TASK DIRECTIONS: Apart from the images, reproduce all of the data word for word.

RAW DATA:
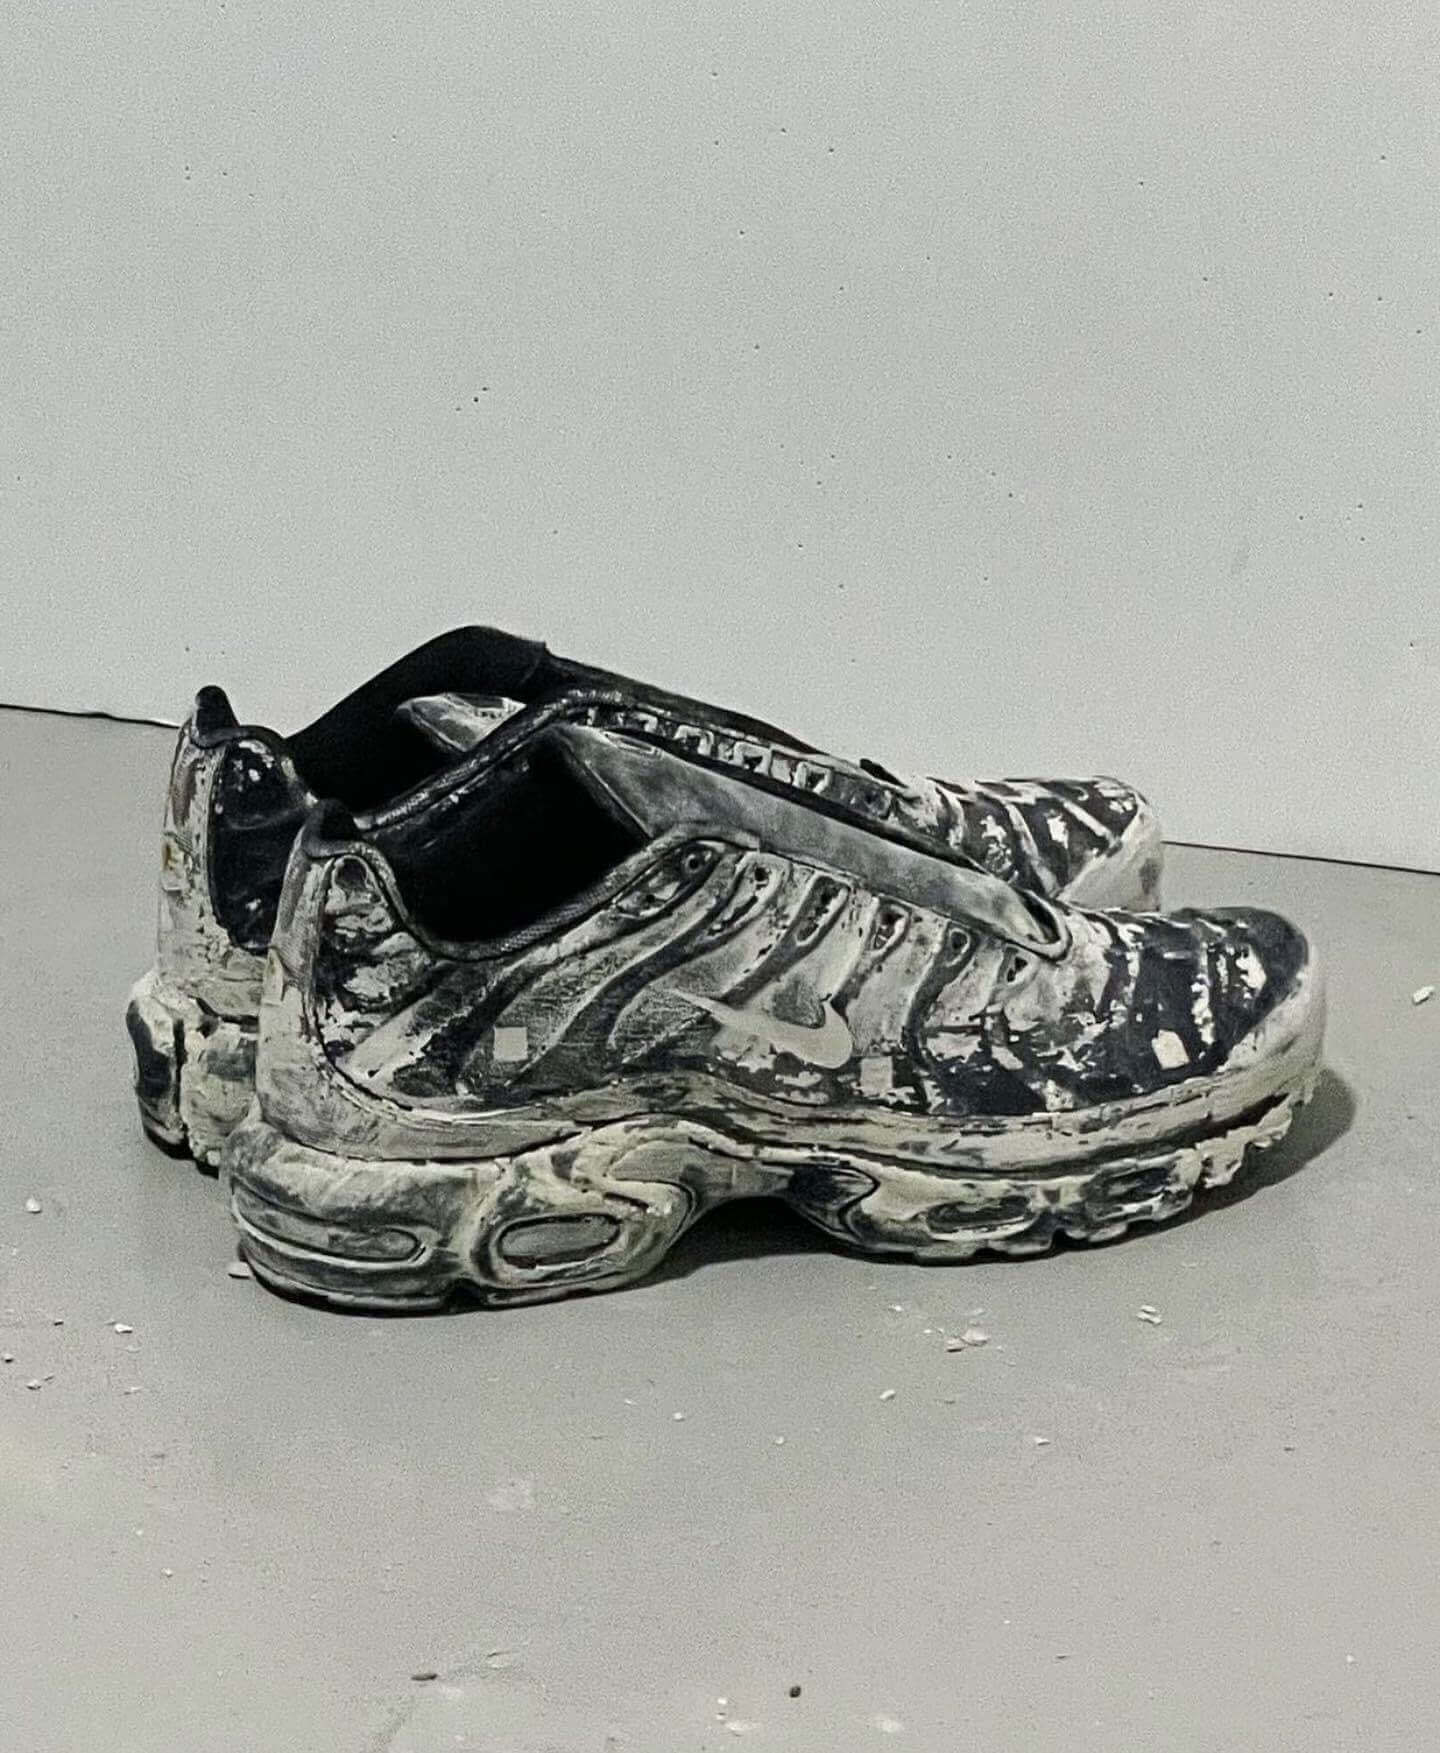 A-COLD-WALL* x Nike Reveal a New TN98 Collaboration
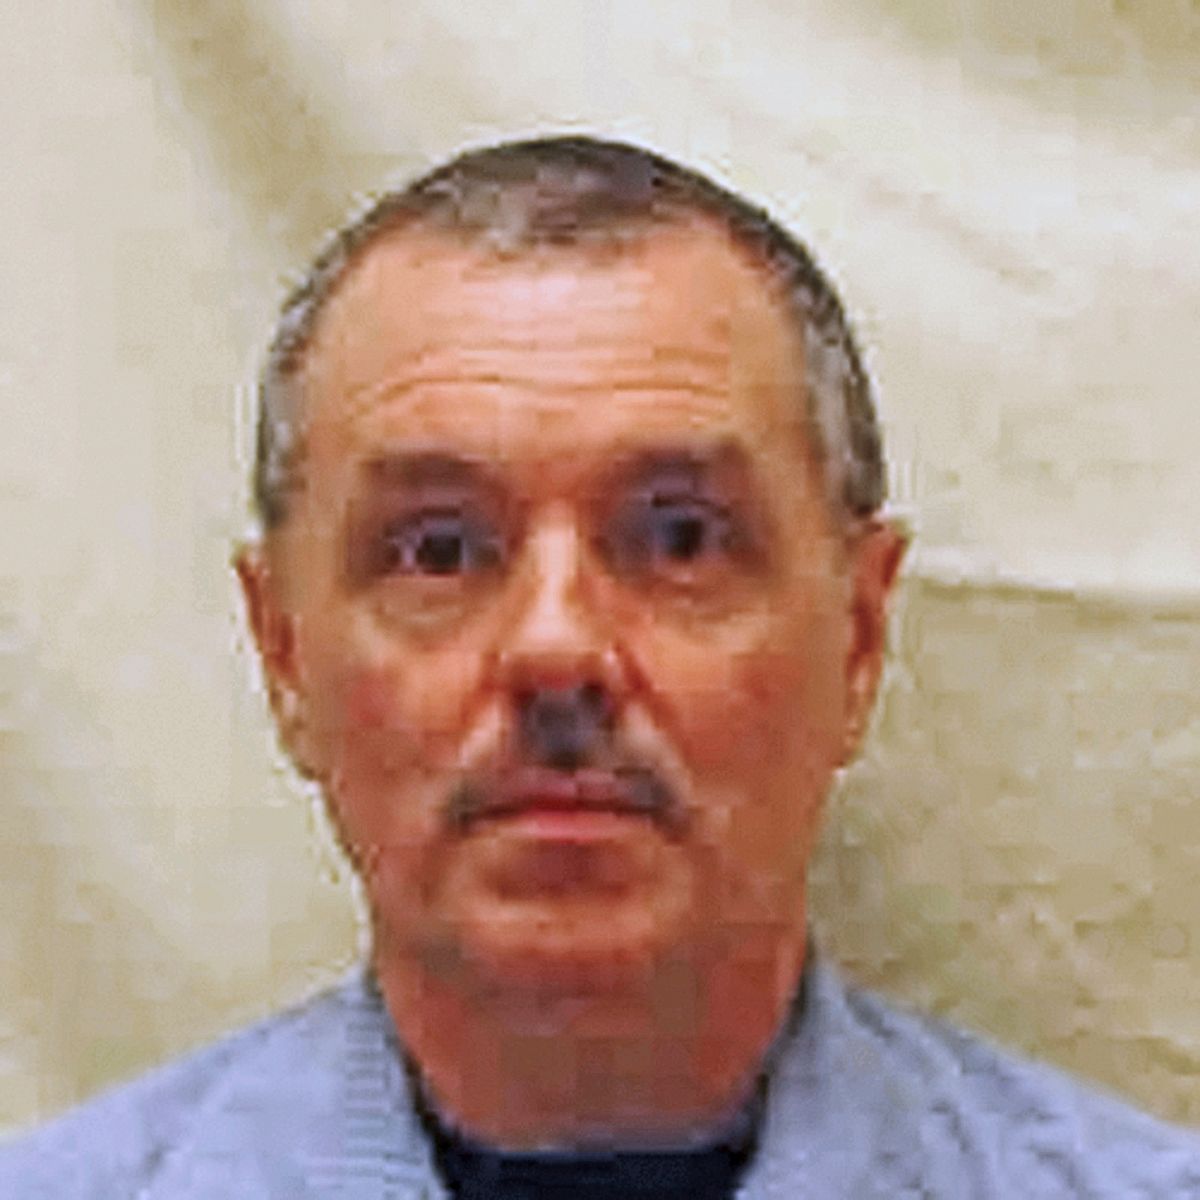 This photo provided by the Ohio Department of Rehabilitation and Correction shows Donald Harvey, a serial killer who became known as the "Angel of Death" and pleaded guilty in 1987 to 37 murders of hospital patients while working as a nurse's aide in Cincinnati and London, Kentucky, during the 1970s and '80s, claiming he was trying to end his patients' suffering. A spokeswoman for Ohio's prison system says Harvey was found badly beaten Tuesday, March 28, 2017, in his cell at the state's prison in Toledo, and the Ohio State Highway Patrol said Harvey was in critical condition Wednesday. He is serving multiple life sentences as part of a plea deal that avoided the death penalty. (Ohio Department of Rehabilitation and Correction via AP) (AP)
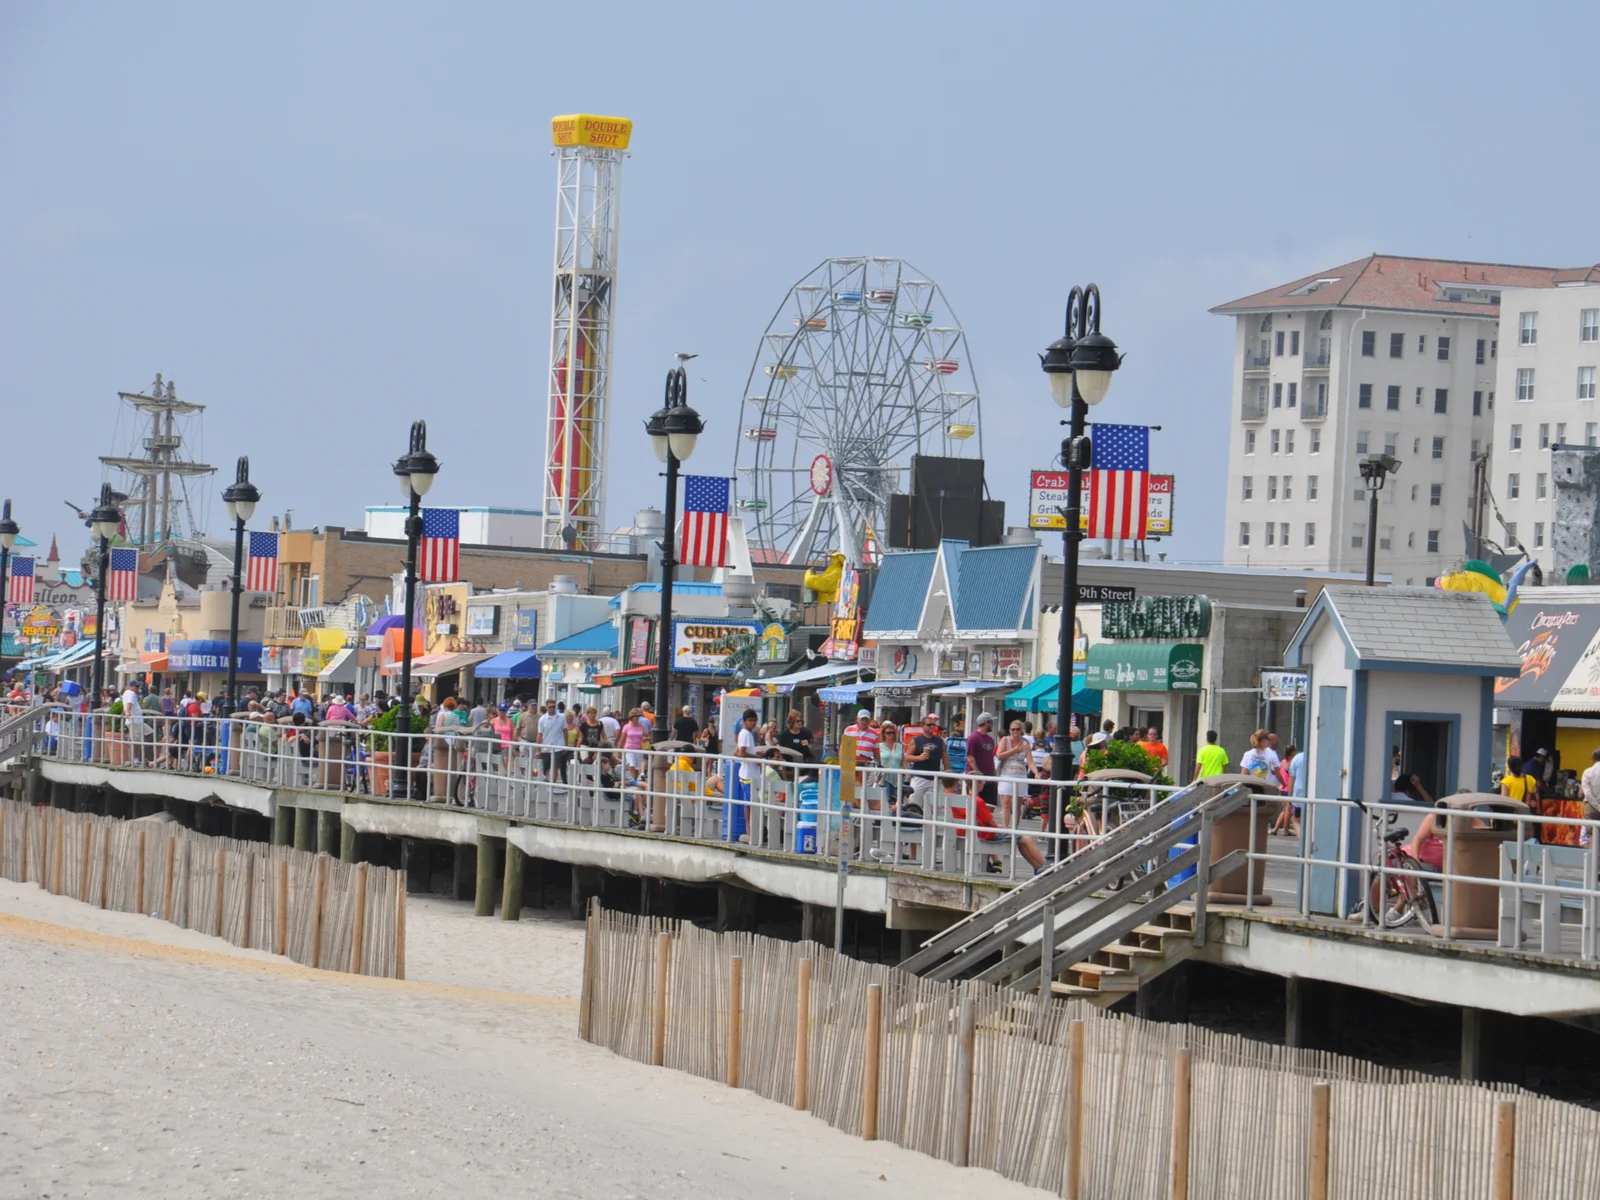 A busy day at Ocean City Boardwalk with a series of food stores, a medium-size ferris wheel and boat with sails in background, one of the best things to do in New Jersey

EXERCISE RESULT:
 A-COLD-WALL* x Nike Reveal a New TN98 Collaboration
 This photo provided by the Ohio Department of Rehabilitation and Correction shows Donald Harvey, a serial killer who became known as the "Angel of Death" and pleaded guilty in 1987 to 37 murders of hospital patients while working as a nurse's aide in Cincinnati and London, Kentucky, during the 1970s and '80s, claiming he was trying to end his patients' suffering. A spokeswoman for Ohio's prison system says Harvey was found badly beaten Tuesday, March 28, 2017, in his cell at the state's prison in Toledo, and the Ohio State Highway Patrol said Harvey was in critical condition Wednesday. He is serving multiple life sentences as part of a plea deal that avoided the death penalty. (Ohio Department of Rehabilitation and Correction via AP) (AP)
 A busy day at Ocean City Boardwalk with a series of food stores, a medium-size ferris wheel and boat with sails in background, one of the best things to do in New Jersey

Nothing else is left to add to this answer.